A potential optimization would be to only iterate through voxels that match the segment ID, rather than checking every voxel in the bucket. This could be accomplished by first identifying the indices of matching voxels and then calculating their coordinates, or by using a more efficient data structure to store voxel positions.

📜 Review details

Configuration used: CodeRabbit UI
Review profile: CHILL
Plan: Pro

📥 Commits

Reviewing files that changed from the base of the PR and between 18eb48b and 5fcafce.

📒 Files selected for processing (6)
  • CHANGELOG.unreleased.md (1 hunks)
  • webknossos-datastore/app/com/scalableminds/webknossos/datastore/helpers/NativeBucketScanner.scala (1 hunks)
  • webknossos-jni/src/bucketScanner.cpp (2 hunks)
  • webknossos-jni/src/include/com_scalableminds_webknossos_datastore_helpers_NativeBucketScanner.h (1 hunks)
  • webknossos-tracingstore/app/com/scalableminds/webknossos/tracingstore/tracings/editablemapping/EditableMappingService.scala (4 hunks)
  • webknossos-tracingstore/app/com/scalableminds/webknossos/tracingstore/tracings/volume/VolumeTracingService.scala (3 hunks)
🚧 Files skipped from review as they are similar to previous changes (3)
  • CHANGELOG.unreleased.md
  • webknossos-jni/src/include/com_scalableminds_webknossos_datastore_helpers_NativeBucketScanner.h
  • webknossos-datastore/app/com/scalableminds/webknossos/datastore/helpers/NativeBucketScanner.scala
🧰 Additional context used
🧬 Code Definitions (2)
webknossos-tracingstore/app/com/scalableminds/webknossos/tracingstore/tracings/volume/VolumeTracingService.scala (3)
webknossos-tracingstore/app/com/scalableminds/webknossos/tracingstore/tracings/TemporaryTracingService.scala (1)
  • isTemporaryTracing (100-103)
webknossos-datastore/app/com/scalableminds/webknossos/datastore/models/requests/DataServiceRequests.scala (1)
  • DataServiceDataRequest (17-24)
webknossos-datastore/app/com/scalableminds/webknossos/datastore/services/BinaryDataService.scala (1)
  • handleMultipleBucketRequests (56-101)
webknossos-jni/src/bucketScanner.cpp (3)
webknossos-jni/src/include/jniutils.h (1)
  • throwRuntimeException (6-6)
webknossos-jni/src/jniutils.cpp (2)
  • throwRuntimeException (3-9)
  • throwRuntimeException (3-3)
webknossos-datastore/app/com/scalableminds/webknossos/datastore/models/datasource/DataLayer.scala (2)
  • bytesPerElement (101-113)
  • isSigned (67-82)
⏰ Context from checks skipped due to timeout of 90000ms (1)
  • GitHub Check: circleci_build
🔇 Additional comments (8)
webknossos-tracingstore/app/com/scalableminds/webknossos/tracingstore/tracings/volume/VolumeTracingService.scala (3)

44-44: Consistent error logging enhancement.

Good addition of the datasetErrorLoggingService parameter, which aligns with the PR objective to enhance error logging for bucket loading in the tracing store.


73-73: Proper dependency injection.

Correctly updated the binaryDataService initialization to use the injected datasetErrorLoggingService instead of None, enabling better error logging for bucket loading operations.


510-527: Implemented Multi-Get feature for improved segment statistics performance.

This new method effectively implements the Multi-Get feature from FossilDB mentioned in the PR objectives.
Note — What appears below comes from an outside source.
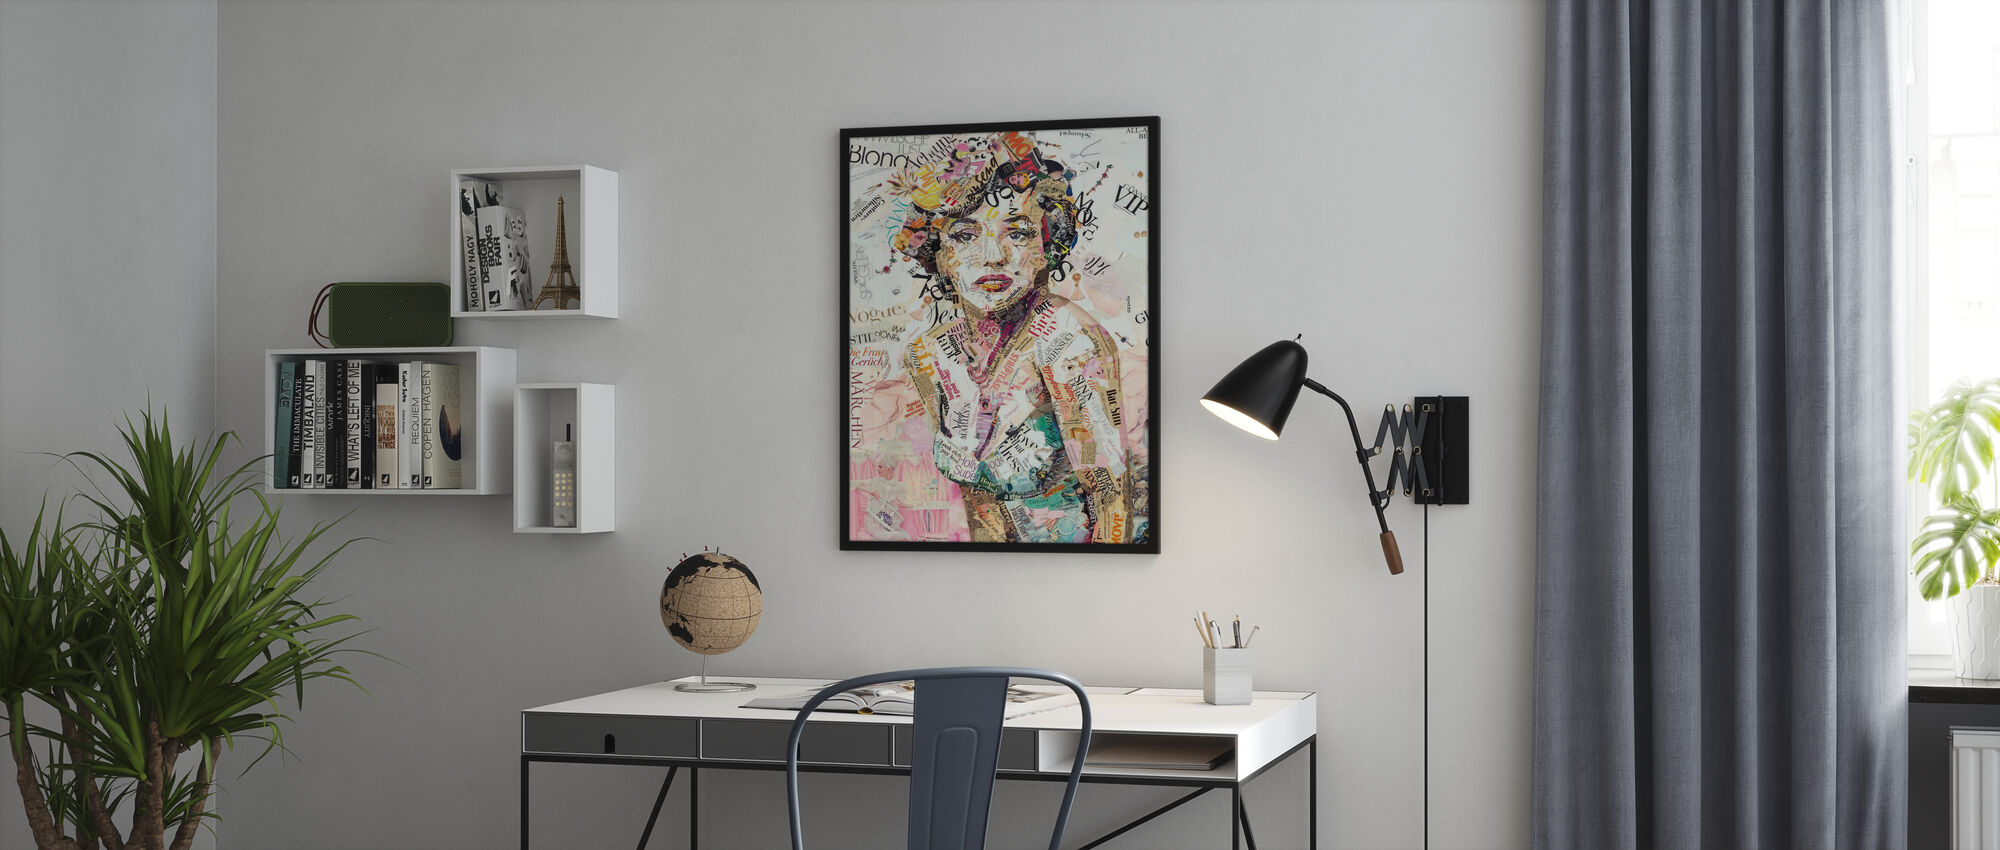 Glam en Glorie - Ingelijste print - Kantoor

By using handleMultipleBucketRequests instead of handleDataRequests, you achieve the performance improvement (approximately 10x speedup) for segment volume and bounding box requests when no fallback volume annotations are present.

The implementation mirrors the structure of the existing data method while providing the necessary functionality differences to support batched bucket requests.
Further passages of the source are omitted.